WAV separation#

This tutorial is available as an IPython notebook at malaya-speech/example/multispeaker-separation-wav.

This module is language independent, so it save to use on different languages.

[1]:
import malaya_speech
import numpy as np
from malaya_speech import Pipeline
import matplotlib.pyplot as plt
import IPython.display as ipd

Multispeaker separation description#

  1. FastSep-WAV only able to separate 8k sample rate.

  2. FastSep-WAV trained to separate 4 unique speakers.

  3. Trained on VCTK, Nepali, Mandarin and Malay mixed speakers.

List available FastSep-WAV#

[2]:
malaya_speech.multispeaker_separation.available_deep_wav()
INFO:root:Tested on 1k samples
[2]:
Size (MB) Quantized Size (MB) SISNR PIT
fastsep-2 78.7 20.5 14.156882
fastsep-4 155.0 40.2 19.682500

Load model#

def deep_wav(model: str = 'fastsep-4', quantized: bool = False, **kwargs):
    """
    Load FastSep model, trained on raw 8k wav using SISNR PIT loss.

    Parameters
    ----------
    model : str, optional (default='fastsep-4')
        Model architecture supported. Allowed values:

        * ``'fastsep-4'`` - FastSep 4 layers trained on raw 8k wav.
        * ``'fastsep-2'`` - FastSep 2 layers trained on raw 8k wav.
    quantized : bool, optional (default=False)
        if True, will load 8-bit quantized model.
        Quantized model not necessary faster, totally depends on the machine.

    Returns
    -------
    result : malaya_speech.model.tf.Split class
    """
[3]:
model = malaya_speech.multispeaker_separation.deep_wav('fastsep-4')

Load quantized model#

[4]:
quantized_model = malaya_speech.multispeaker_separation.deep_wav('fastsep-4', quantized = True)
WARNING:root:Load quantized model will cause accuracy drop.
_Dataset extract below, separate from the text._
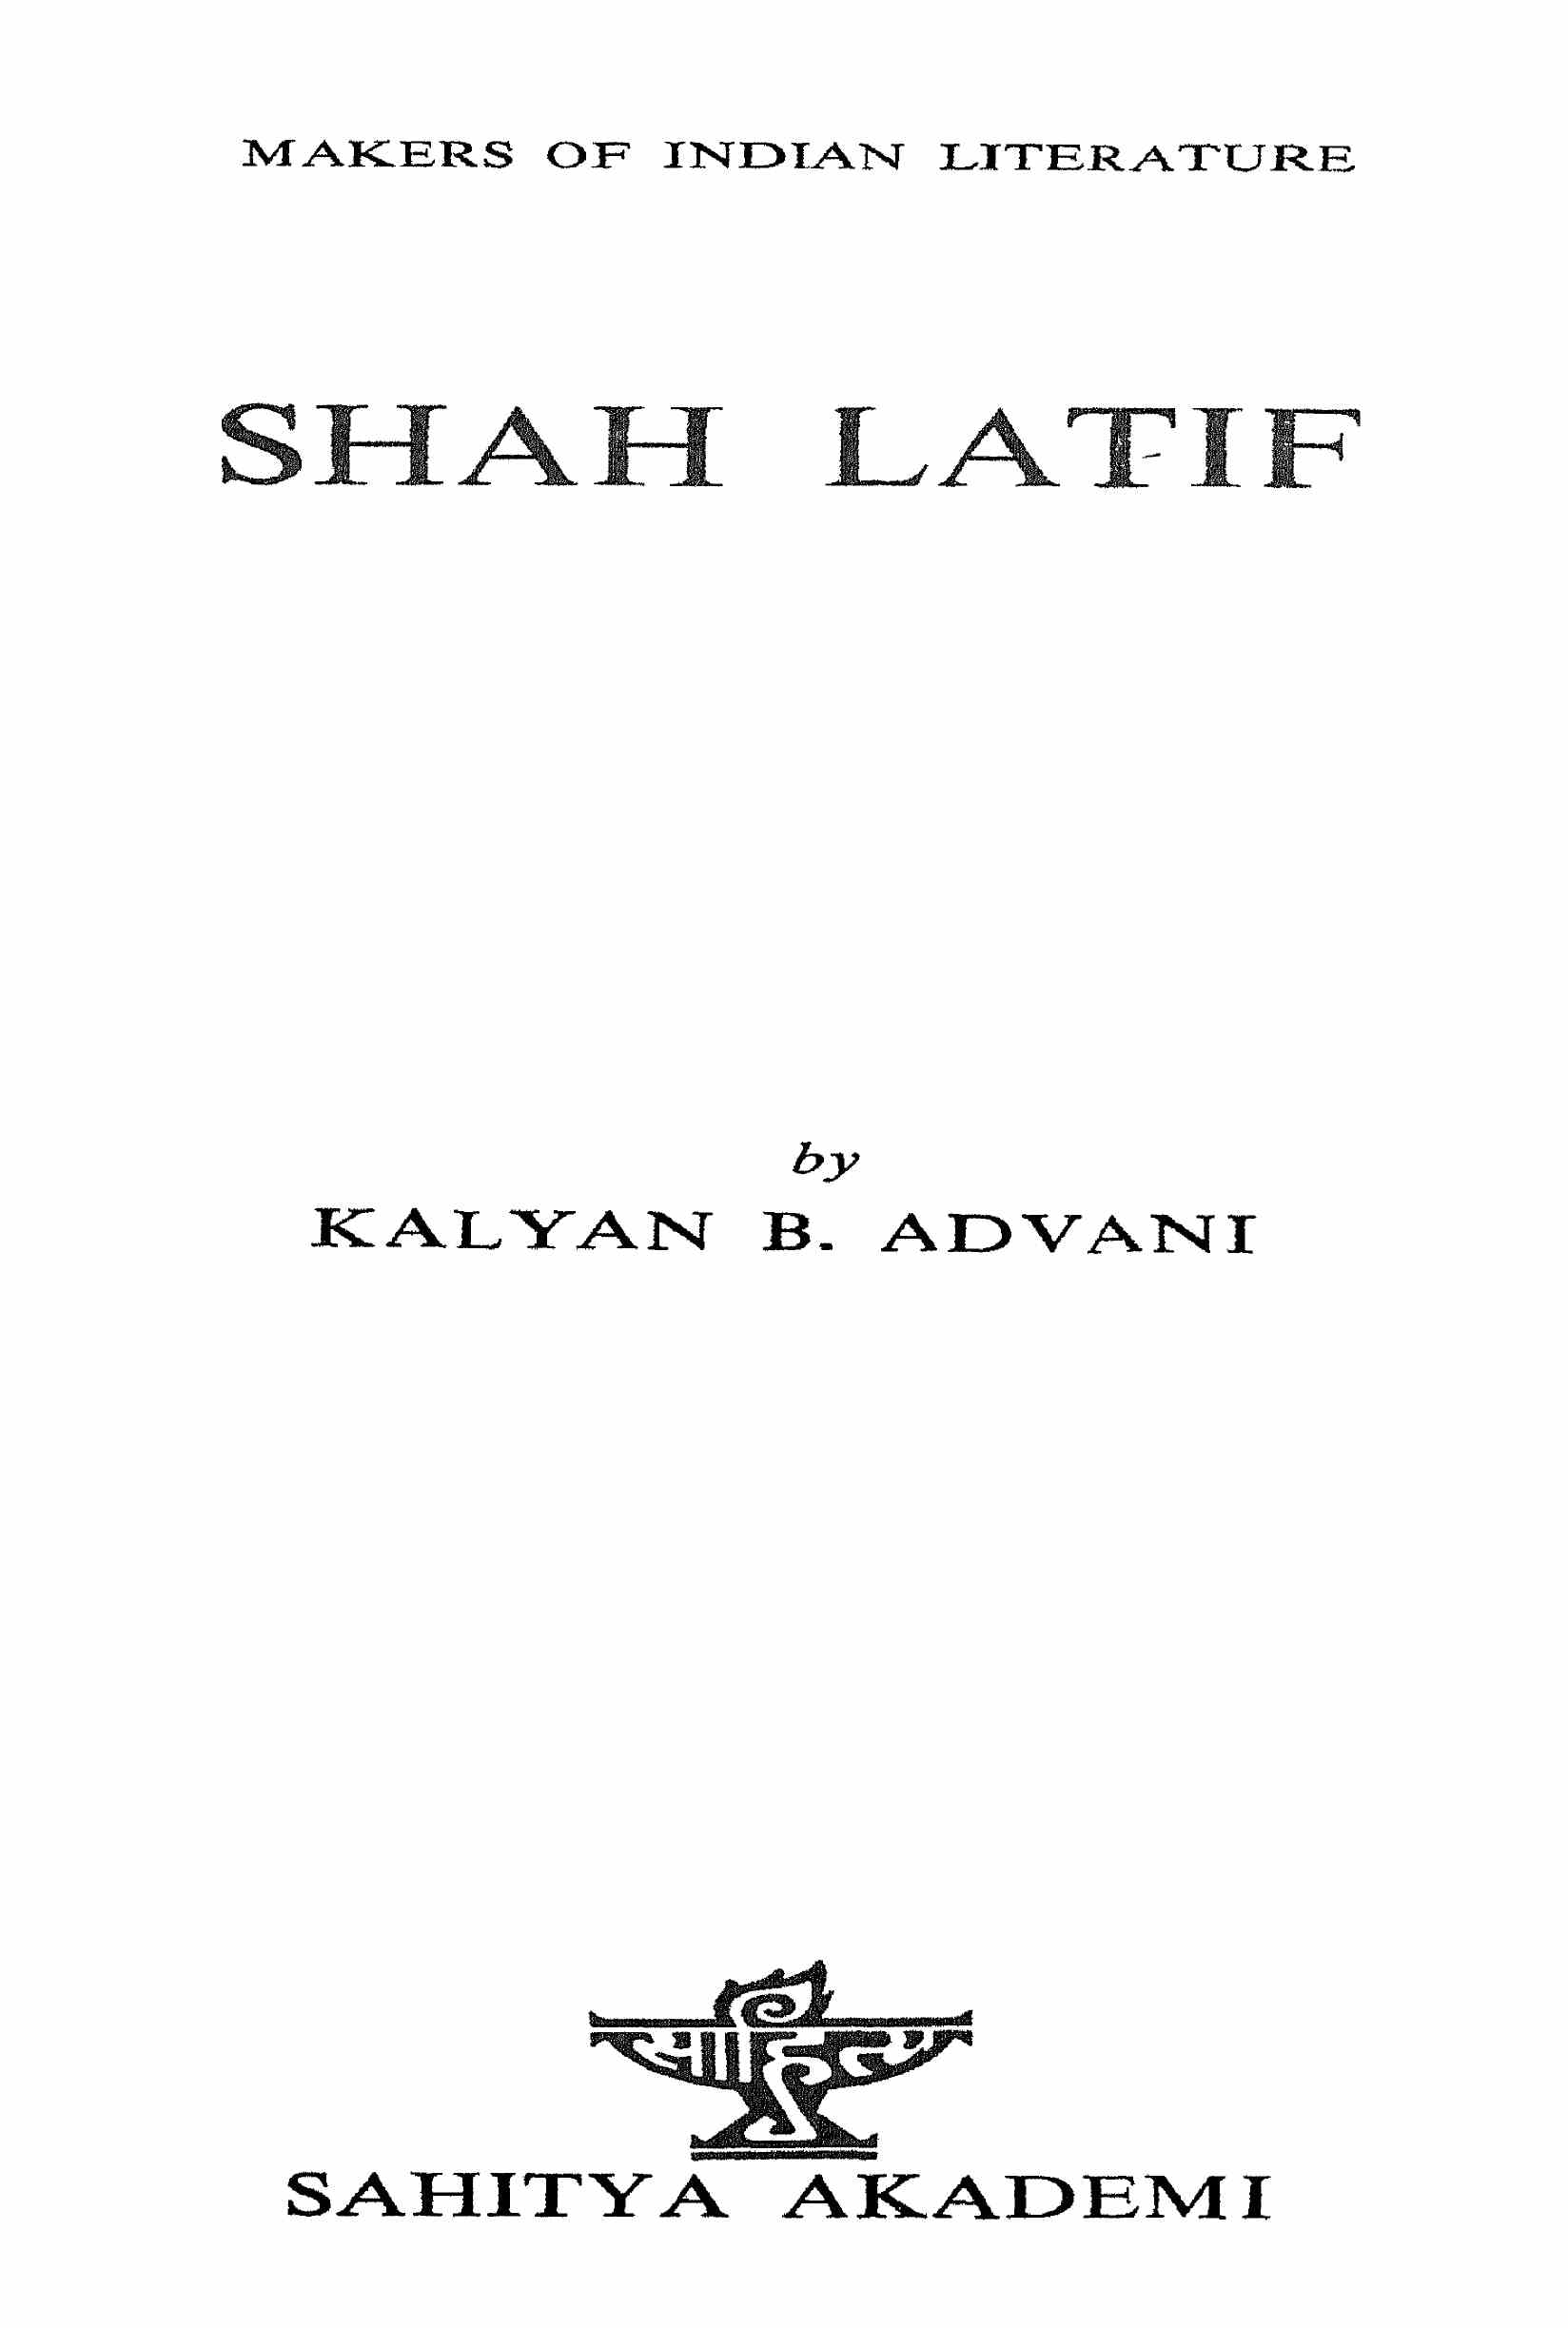 Shah Lateef

Generate random mixed audio#

[5]:
import random
import malaya_speech.augmentation.waveform as augmentation

sr = 8000
speakers_size = 4

def read_wav(f):
    return malaya_speech.load(f, sr = sr)


def random_sampling(s, length):
    return augmentation.random_sampling(s, sr = sr, length = length)

def combine_speakers(files, n = 5, limit = 4):
    w_samples = random.sample(files, n)
    w_samples = [read_wav(f)[0] for f in w_samples]
    w_lens = [len(w) / sr for w in w_samples]
    w_lens = int(min(min(w_lens) * 1000, random.randint(3000, 7000)))
    w_samples = [random_sampling(w, length = w_lens) for w in w_samples]
    y = [w_samples[0]]
    left = w_samples[0].copy()

    combined = None

    for i in range(1, n):
        right = w_samples[i].copy()
        overlap = random.uniform(0.98, 1.0)
        len_overlap = int(overlap * len(right))
        minus = len(left) - len_overlap
        if minus < 0:
            minus = 0
        padded_right = np.pad(right, (minus, 0))
        left = np.pad(left, (0, len(padded_right) - len(left)))

        left = left + padded_right

        if i >= (limit - 1):
            if combined is None:
                combined = padded_right
            else:
                combined = np.pad(
                    combined, (0, len(padded_right) - len(combined))
                )
                combined += padded_right

        else:
            y.append(padded_right)

    if combined is not None:
        y.append(combined)

    maxs = [max(left)]
    for i in range(len(y)):
        if len(y[i]) != len(left):
            y[i] = np.pad(y[i], (0, len(left) - len(y[i])))
            maxs.append(max(y[i]))

    max_amp = max(maxs)
    mix_scaling = 1 / max_amp * 0.9
    left = left * mix_scaling

    for i in range(len(y)):
        y[i] = y[i] * mix_scaling

    return left, y
[6]:
from glob import glob

wavs = glob('speech/example-speaker/*.wav')
wavs.extend(glob('speech/vctk/*.flac'))
len(wavs)
[6]:
23
[18]:
left, y = combine_speakers(wavs, speakers_size)
len(left) / sr, len(y)
[18]:
(3.45525, 4)
[19]:
ipd.Audio(left, rate = sr)
[19]:
[20]:
plt.plot(left, label = 'mixed')
plt.plot(y[0], label = 'y0')
plt.plot(y[1], label = 'y1')
plt.plot(y[2], label = 'y2')
plt.plot(y[3], label = 'y3')
plt.legend()
plt.show()
_images/multispeaker-separation-wav_16_0.png

Predict#

def predict(self, input):
    """
    Split an audio into 4 different speakers.

    Parameters
    ----------
    input: np.array or malaya_speech.model.frame.Frame

    Returns
    -------
    result: np.array
    """
[21]:
%%time

y = model.predict(left)
y.shape
CPU times: user 20.5 s, sys: 1.68 s, total: 22.2 s
Wall time: 3.51 s
[21]:
(4, 27642)
[22]:
%%time

quantized_y = quantized_model.predict(left)
quantized_y.shape
CPU times: user 20.8 s, sys: 1.73 s, total: 22.5 s
Wall time: 3.45 s
[22]:
(4, 27642)

Results#

[23]:
ipd.Audio(y[0], rate = sr)
[23]:
[24]:
ipd.Audio(y[1], rate = sr)
[24]:
[25]:
ipd.Audio(y[2], rate = sr)
[25]:
[26]:
ipd.Audio(y[3], rate = sr)
[26]:

Quantized results#

[27]:
ipd.Audio(quantized_y[0], rate = sr)
[27]:
[28]:
ipd.Audio(quantized_y[1], rate = sr)
[28]:
[29]:
ipd.Audio(quantized_y[2], rate = sr)
[29]:
[30]:
ipd.Audio(quantized_y[3], rate = sr)
[30]: